From such bell curves, Jaar claims firms can determine fixed fees, including builtin margins of error, that remain true for as long as the underlying assumptions remain the same. If anybody exceeds a margin of error while quoting, systems can catch the mistake before a firm under or overbids work.
The need to track time doesn’t go away in fixed-fee situations. Indeed, Zver argues it’s even more important in such situations. “If you make widgets and you don’t know what they cost you to make, how do you know what price to sell them for?” he asks.
“Once the industry standardizes on uniform task activity codes, the data they represent can be analyzed,” Zver notes. “The firm that understands its costs and transforms it into competitive data is ahead of the game.
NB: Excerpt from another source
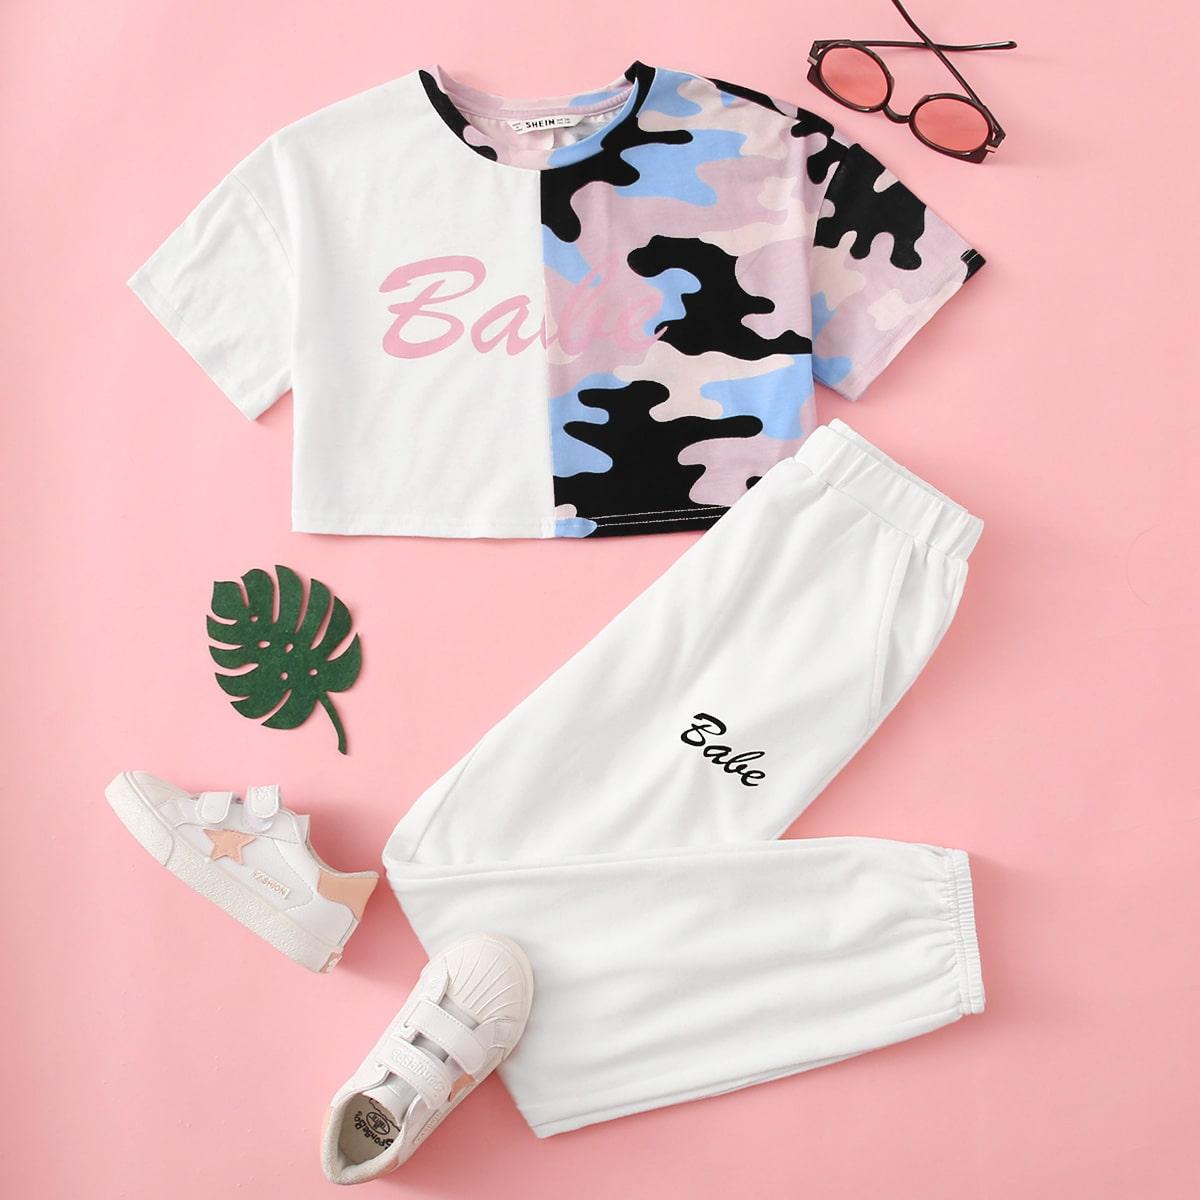 Камуфляжный топ с текстовым принтом и спортивные брюки для девочек от SHEIN

They can fix-fee matters other firms can’t.” They can also be more competitive in bidding for work, he adds.
Time-tracking habits, good and bad
Competition-enhancing data like this can only result from a commitment to effective timekeeping. For this commitment to materialize, lawyers must break habits like time finding, or passive timekeeping.
Zver speaks of the “velocity” of time capture. “If I enter Monday’s time on a Friday, my velocity lag is four days,” he explains. “That’s not good.”
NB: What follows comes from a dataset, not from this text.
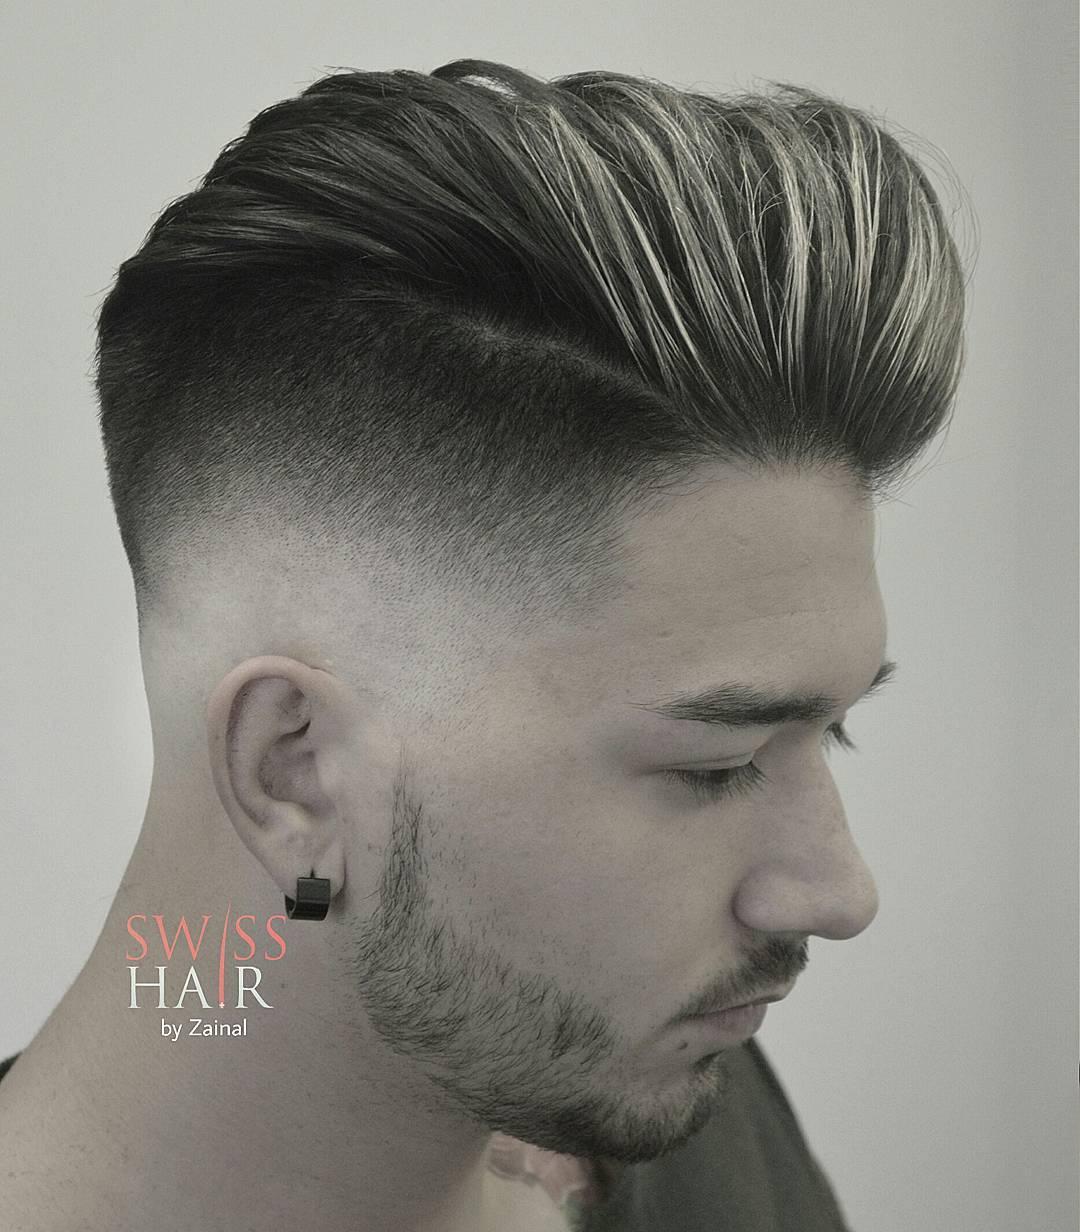 swisshairbyzainal skin fade mens haircut

The hassle of capturing “crumbs” of time could be reframed using the right technology, backed up by the right policies. As firms strive for zero lag, they can both capture velocity metrics and distribute those metrics, whether to the firm, a department, or an individual lawyer. “We’re seeing law firms introduce this metric into their compensation formulas,” Zver says.
Billable hours tell a story
However, time finding could be used for client retention. When he ran his own firm, Jaar used Outlook journals to capture activities during his day. “It would pick up everything from e-mails sent to calendar events to incoming or outgoing phone calls,” he says. He could use that log to bill clients, since he assigned an Outlook category to each client engagement.
He did more than ask for money, though. From periodic reports he generated on each file, he dictated letters relating his activities to his clients. “It read more like a story and a status report for the client,” he says.
Modern time capture tools make time finding easier, but the practice could lead to trouble thanks to e-billing platforms like ViewABill.com that bring the concept of law firm transparency to the verge of voyeurism. Using such systems, law firms can give clients access to their recorded hours between invoices, in real time. Clients can analyze other metrics too. Do time entries meet agreed-upon criteria? Is the right level of lawyer doing given tasks?
Are firms charging the right prices for different tasks? Zver figures this puts pressure on firms. “You have a third party entering your home. Is it in order?” he asks.